Exercise: For this listing, reproduce the line with "Ludzie powiązania i", the line with "Collezione Kadın Siyah", and the lines between, exactly as they stand. Leave out pictures and all other lines.

Material to process:
....................
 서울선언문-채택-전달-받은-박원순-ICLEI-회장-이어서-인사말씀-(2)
....................
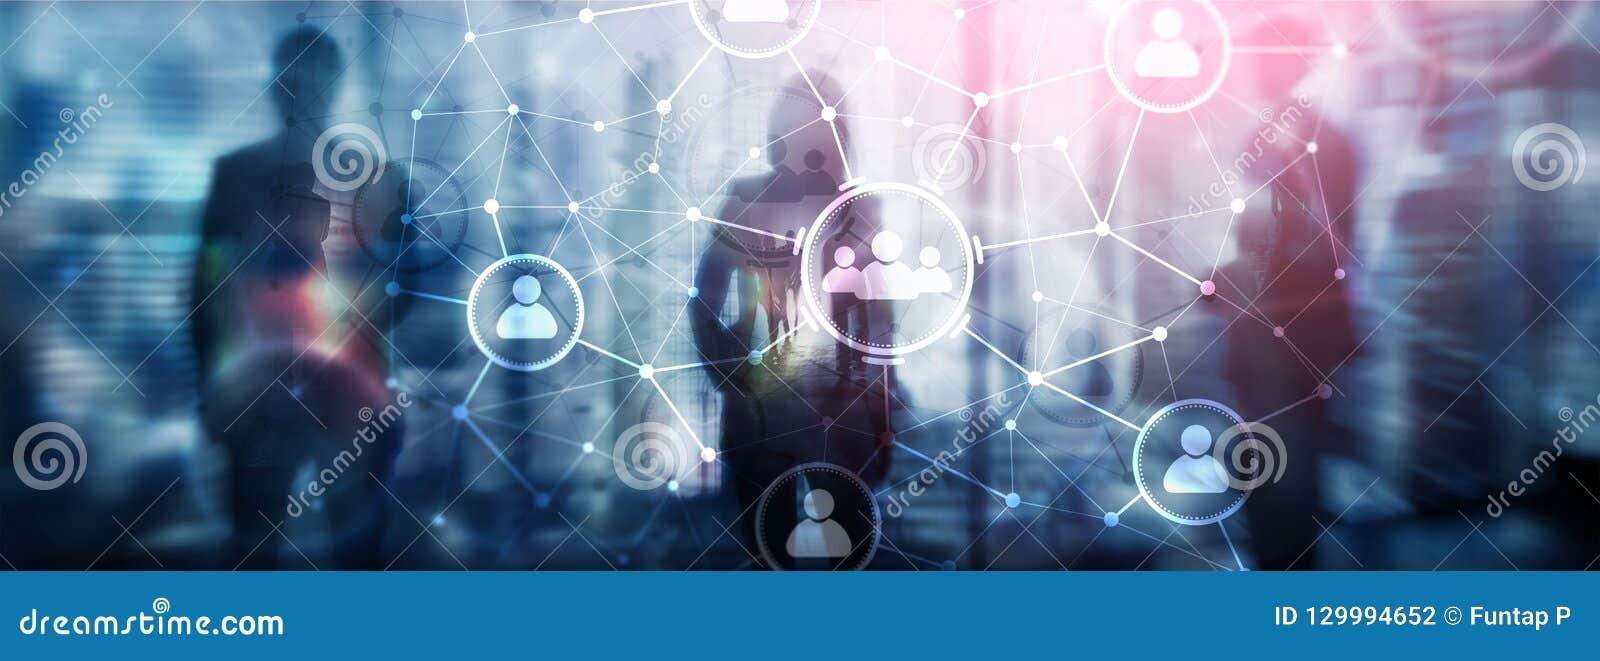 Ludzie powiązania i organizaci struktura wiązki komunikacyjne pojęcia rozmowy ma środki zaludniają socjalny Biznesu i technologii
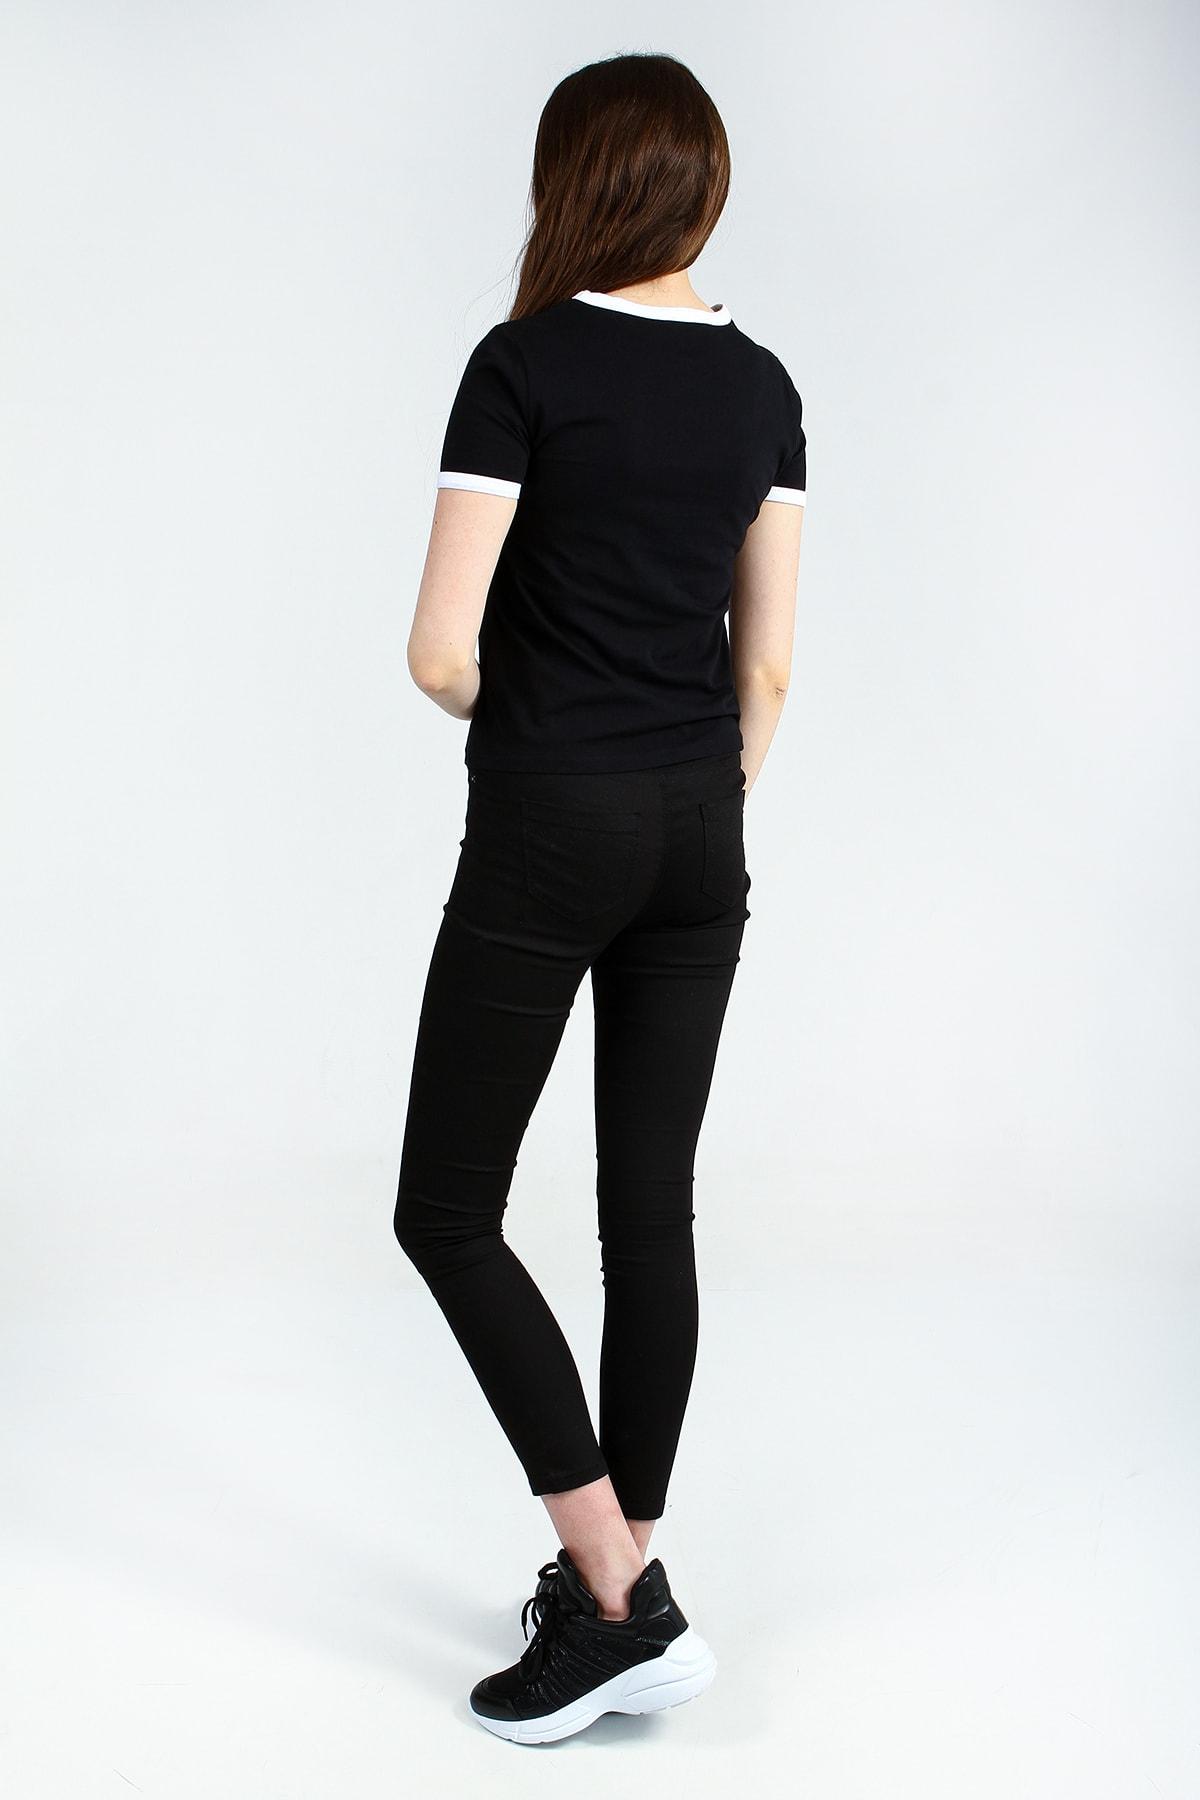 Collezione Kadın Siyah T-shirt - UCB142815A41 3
....................
Exercise response:
 Ludzie powiązania i organizaci struktura wiązki komunikacyjne pojęcia rozmowy ma środki zaludniają socjalny Biznesu i technologii
 Collezione Kadın Siyah T-shirt - UCB142815A41 3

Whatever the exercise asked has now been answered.